From the line containing "Sebamed Sensitive Skin" through the last line below, copy every line exactly, leaving out the pictures.

### Dataset content:
+--

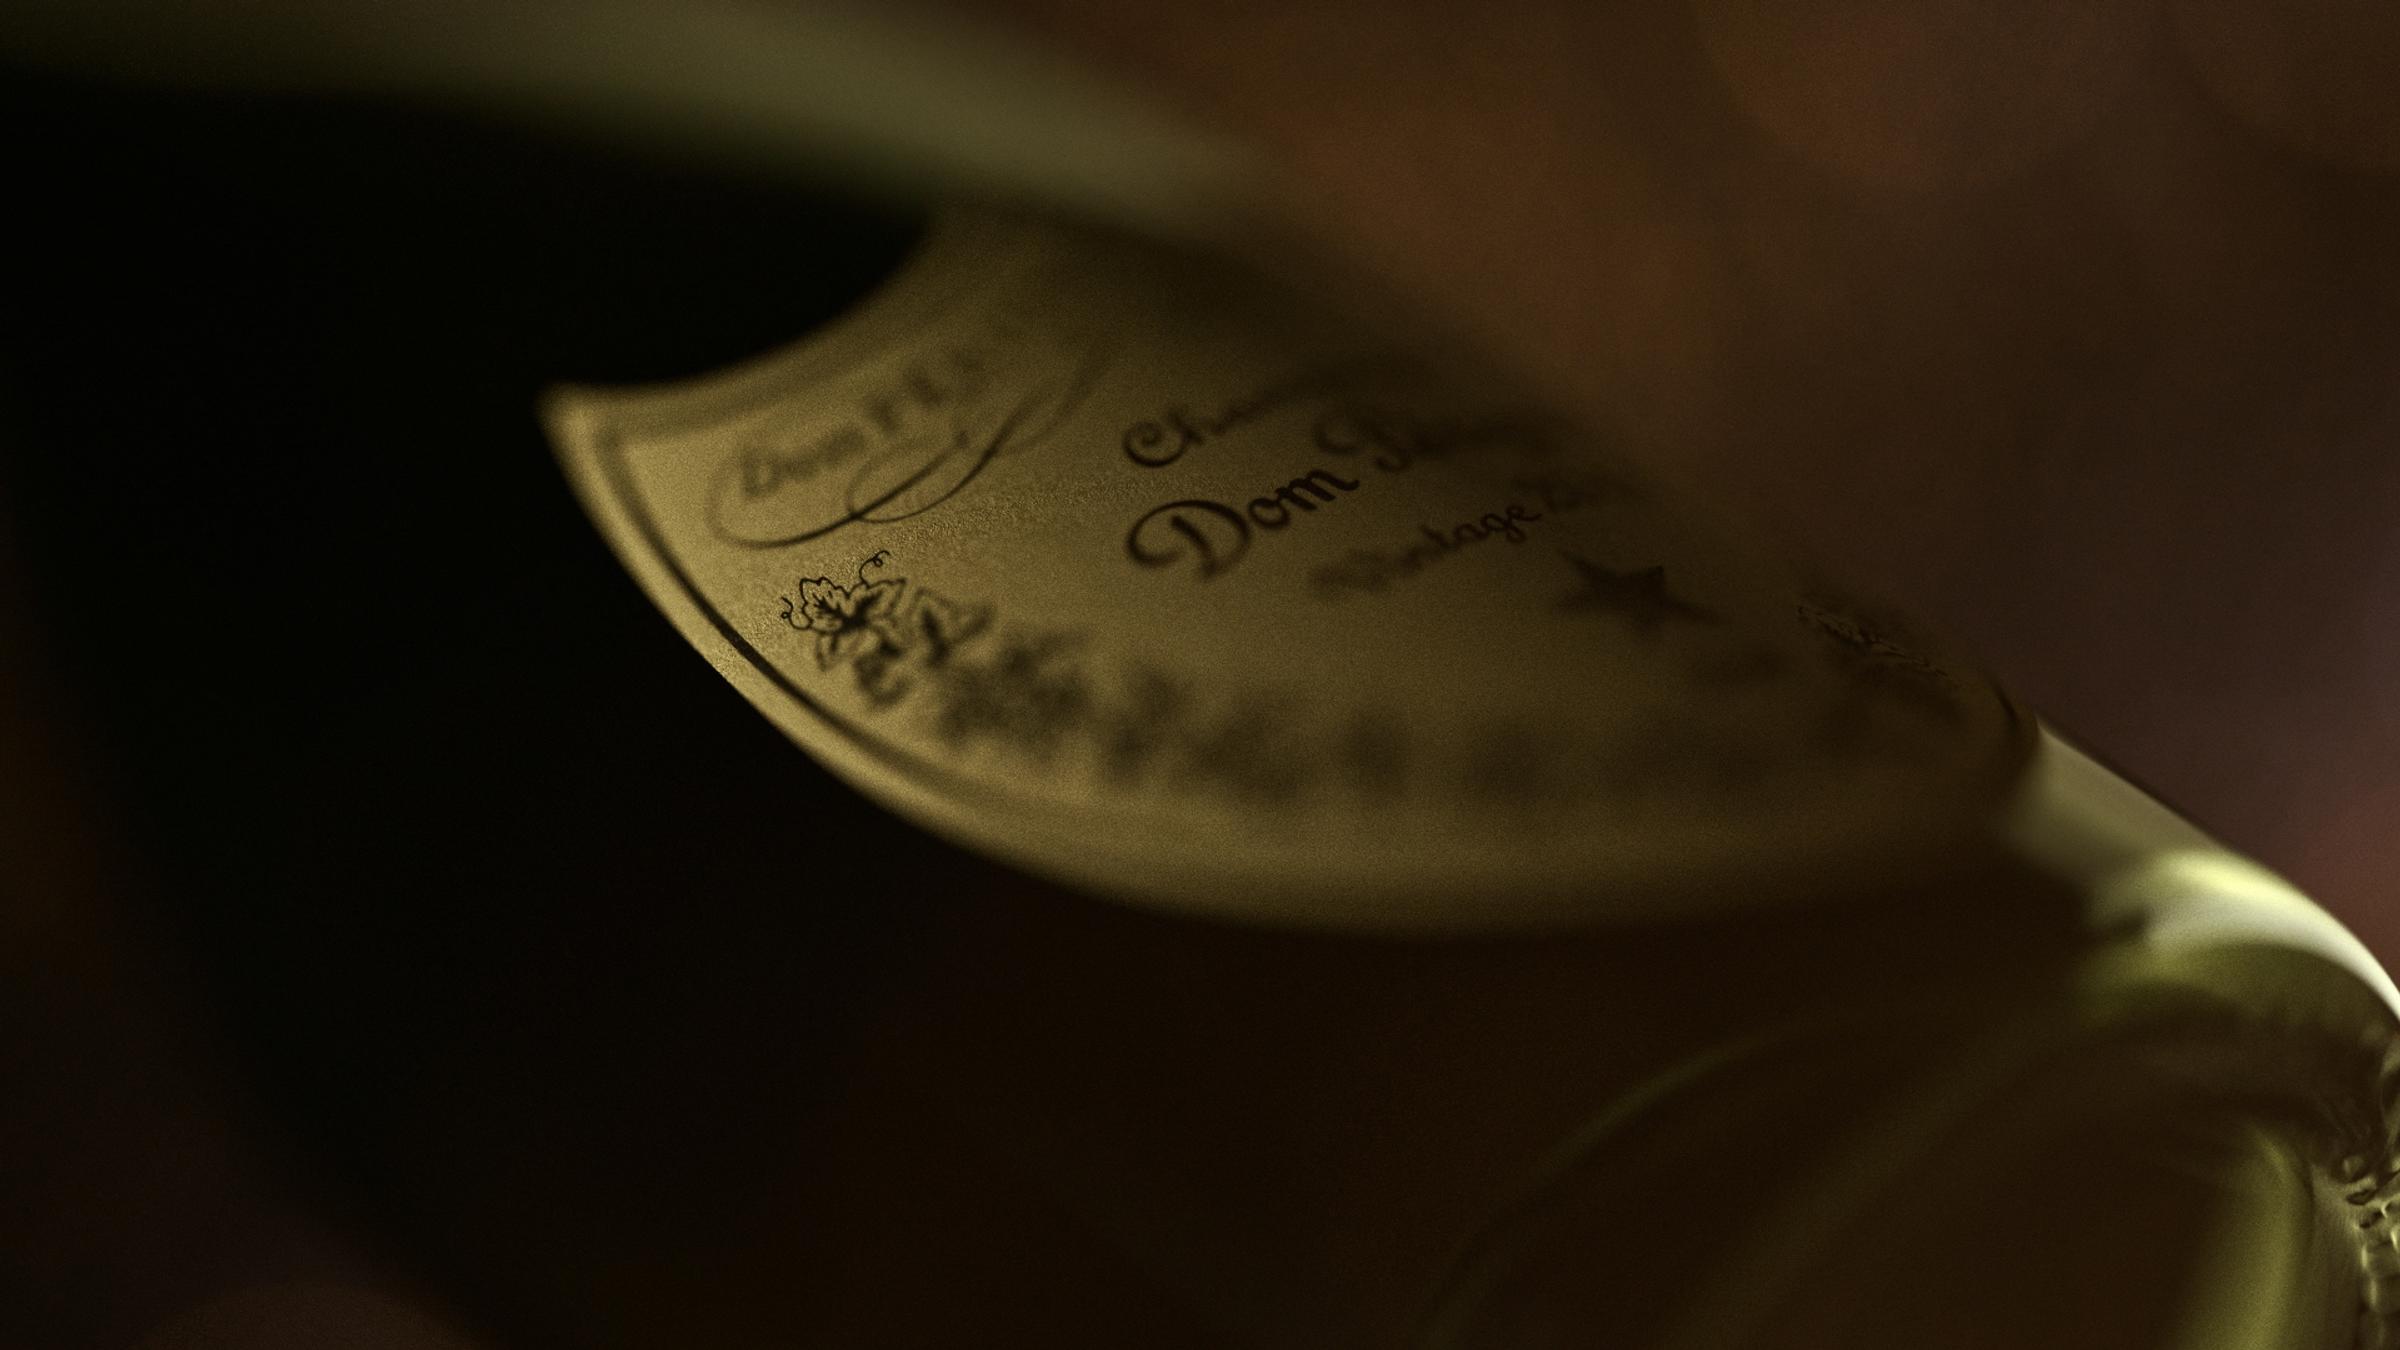 Dom Pérignon Vintage 2013 Champagne
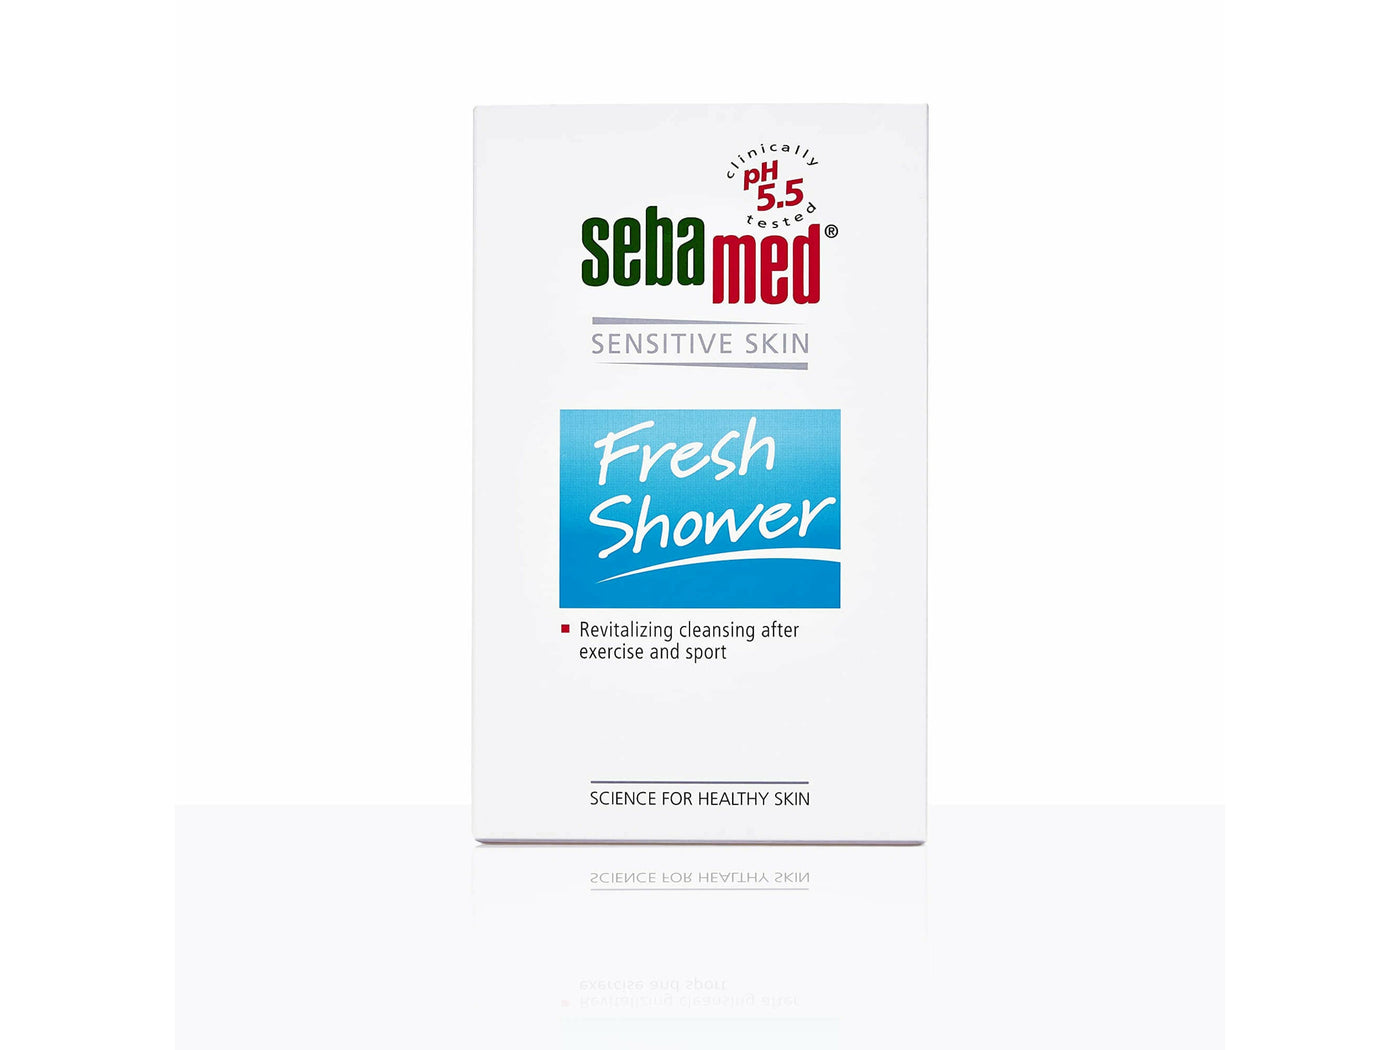 Sebamed Sensitive Skin Fresh Shower-Clinikally
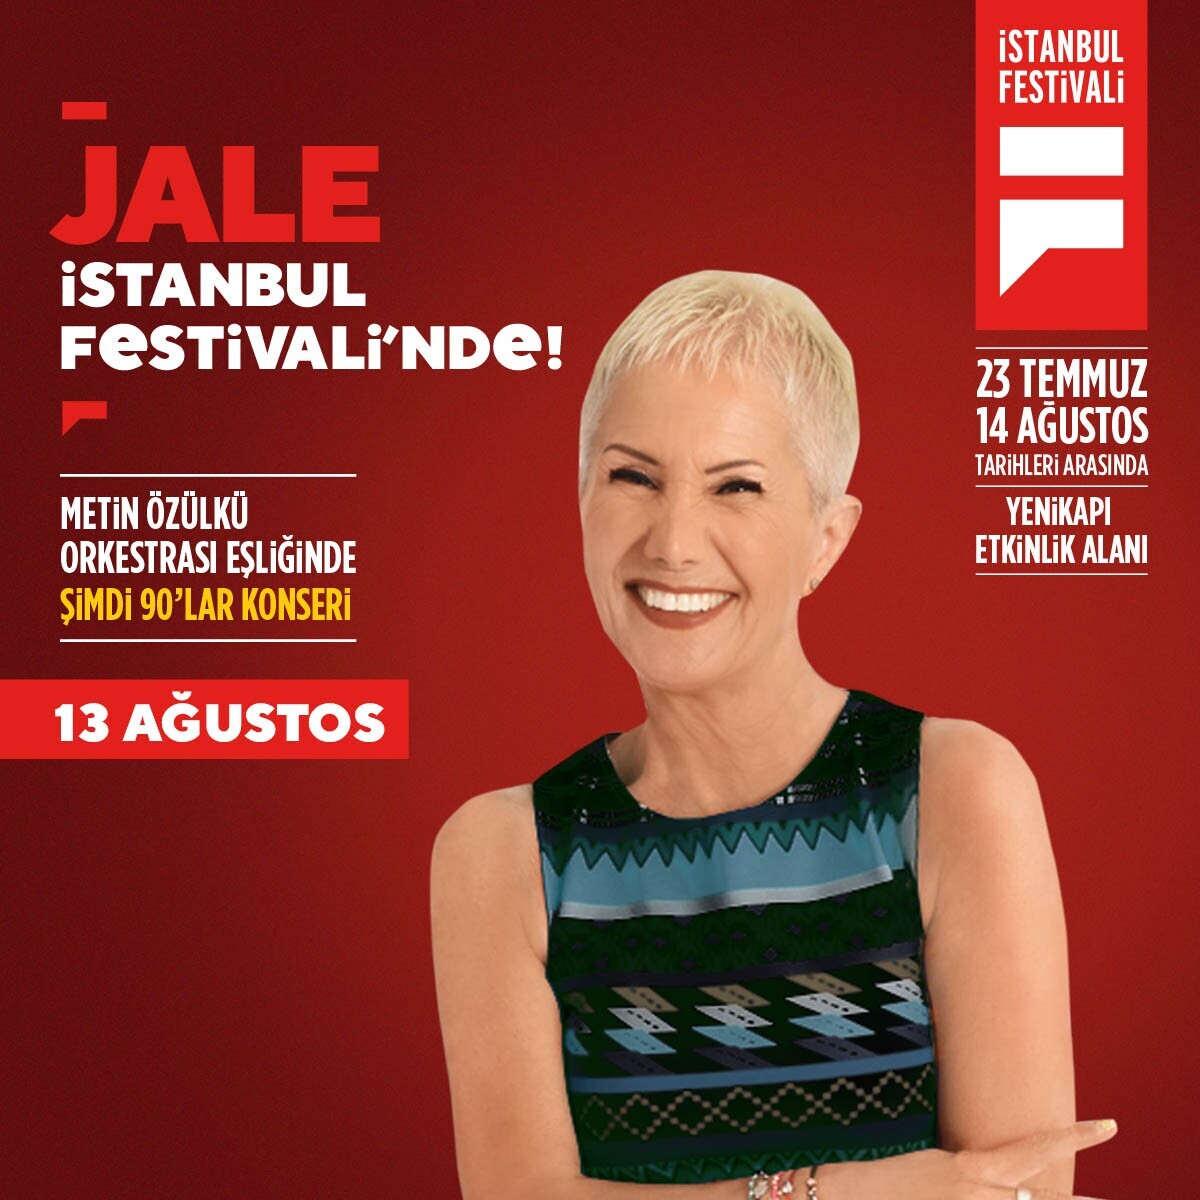 13 Ağustos Cumartesi Şimdi 90'lar Konseri ve Onlarca Aktivite Dahil İstanbul Festivali Giriş Bileti
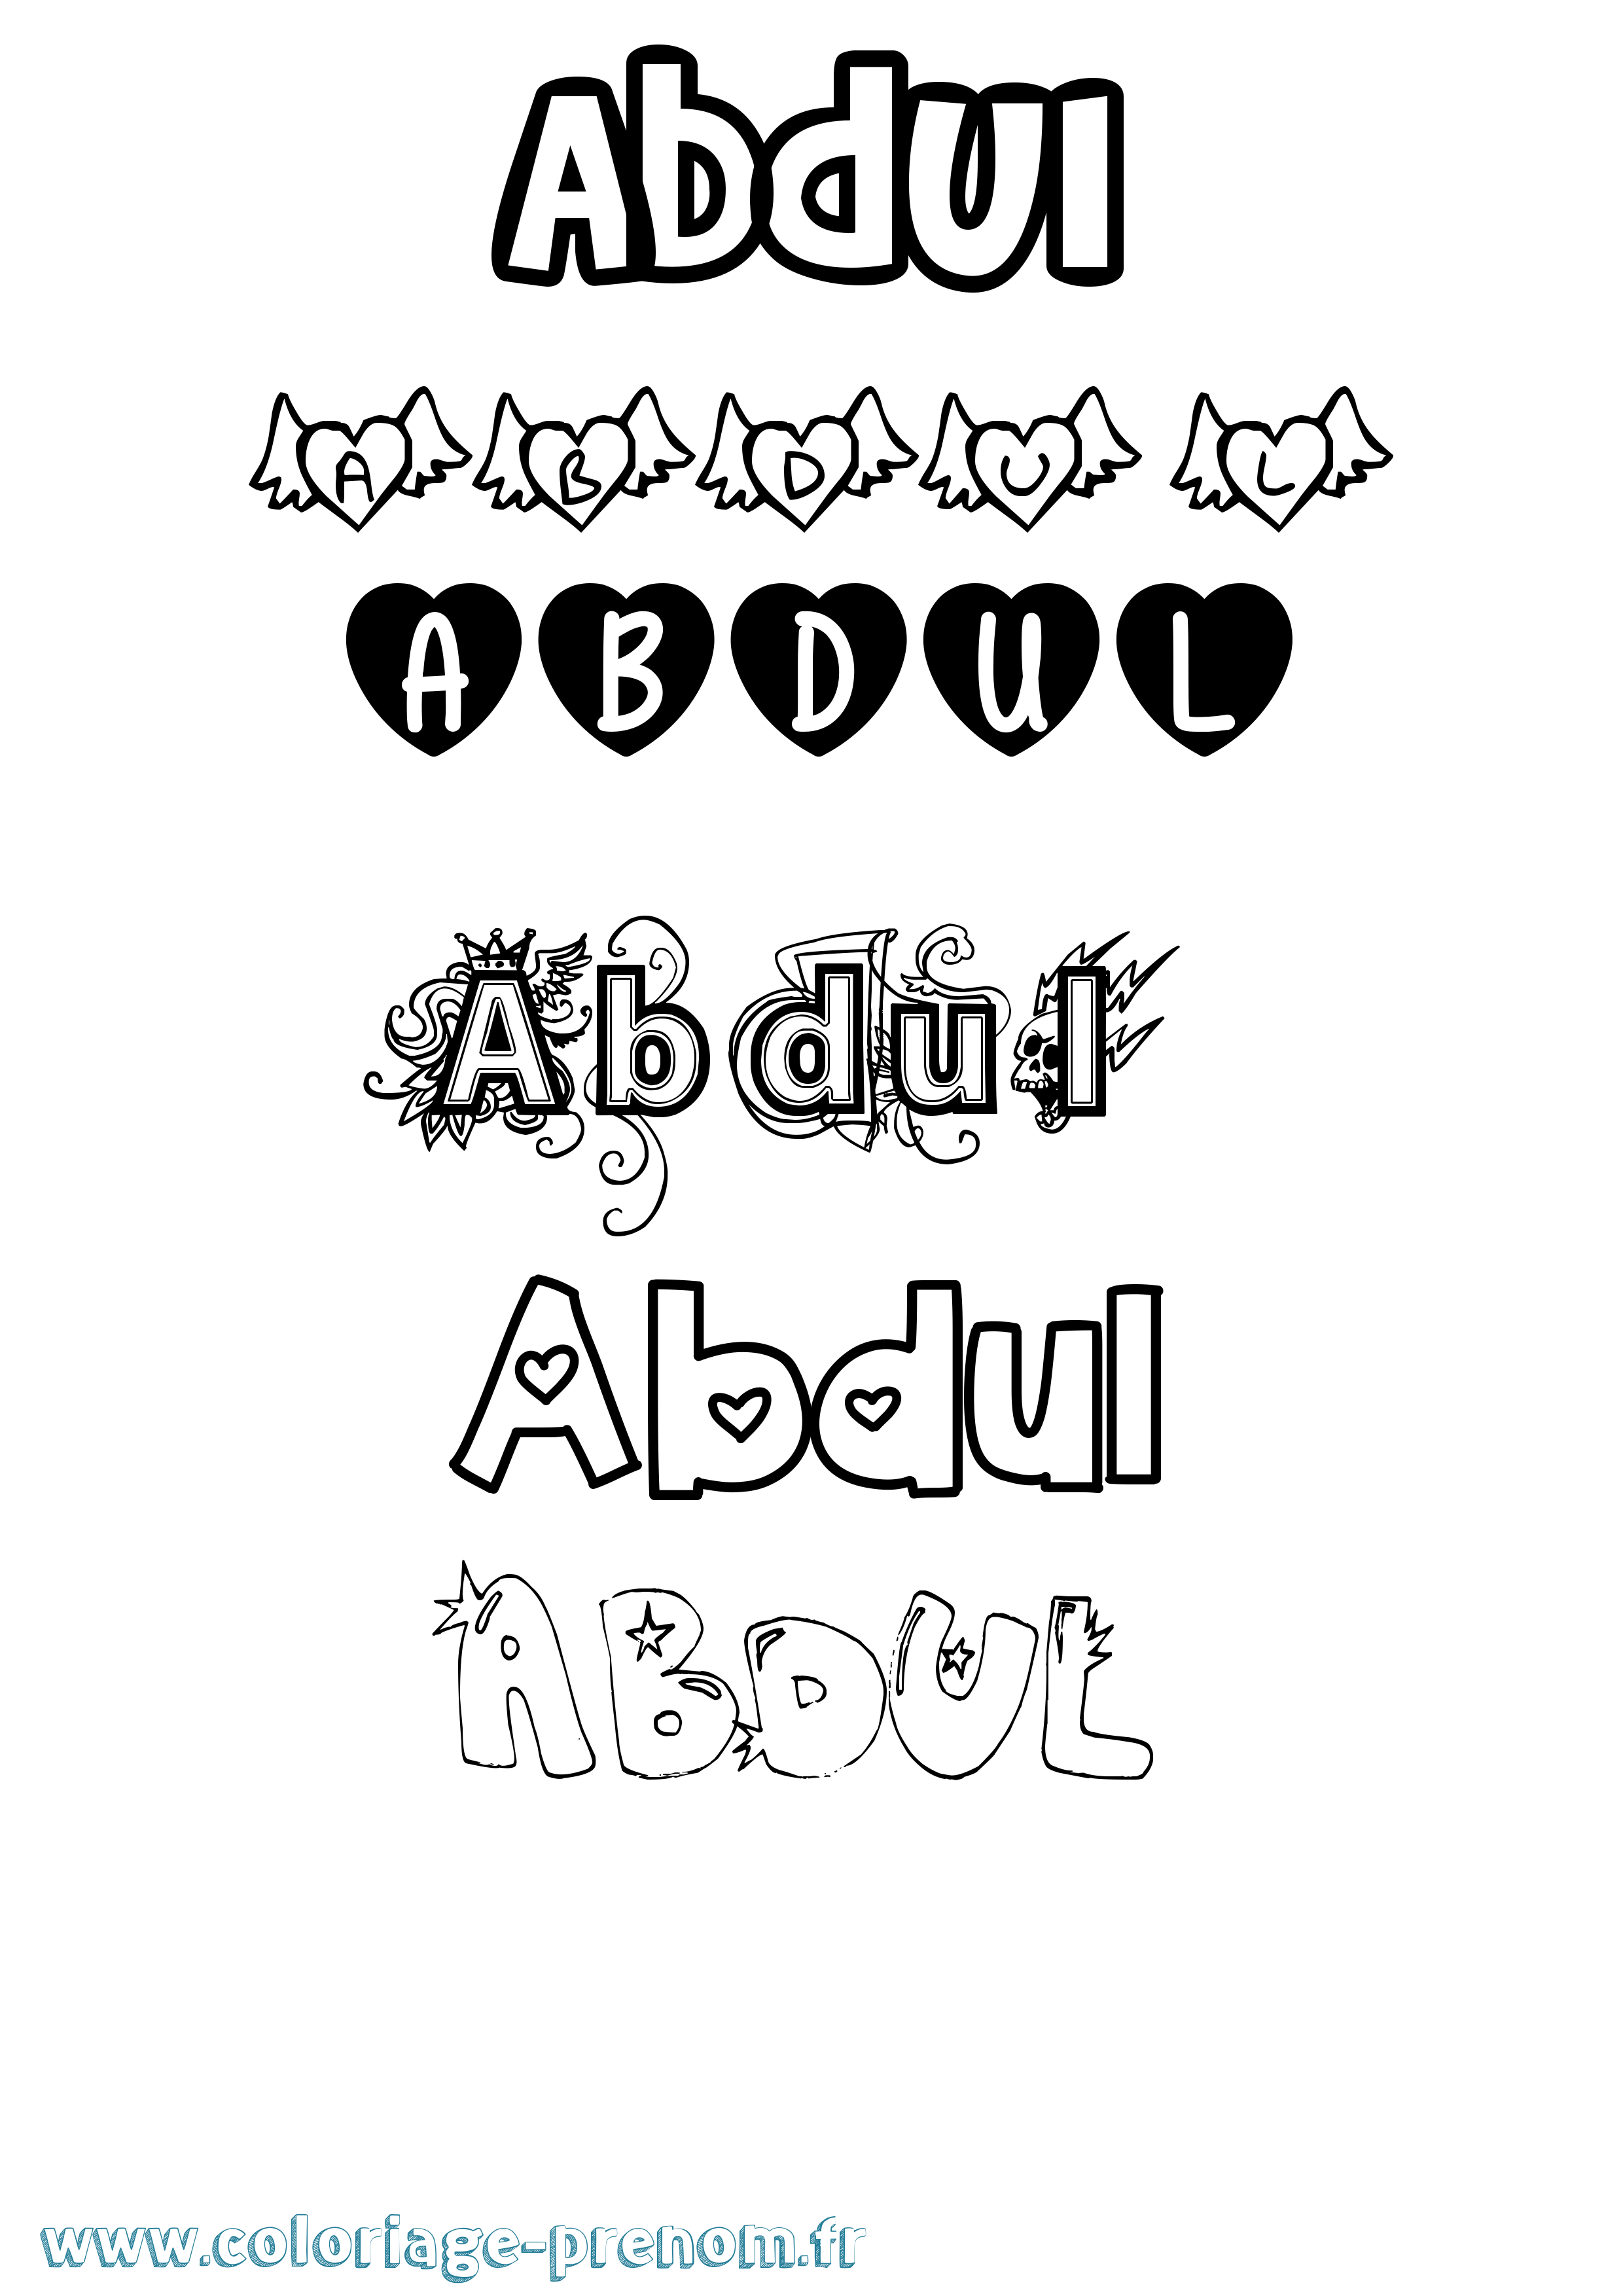 Coloriage prénom Abdul Girly

+--

### Response below:
 Sebamed Sensitive Skin Fresh Shower-Clinikally
 13 Ağustos Cumartesi Şimdi 90'lar Konseri ve Onlarca Aktivite Dahil İstanbul Festivali Giriş Bileti
 Coloriage prénom Abdul Girly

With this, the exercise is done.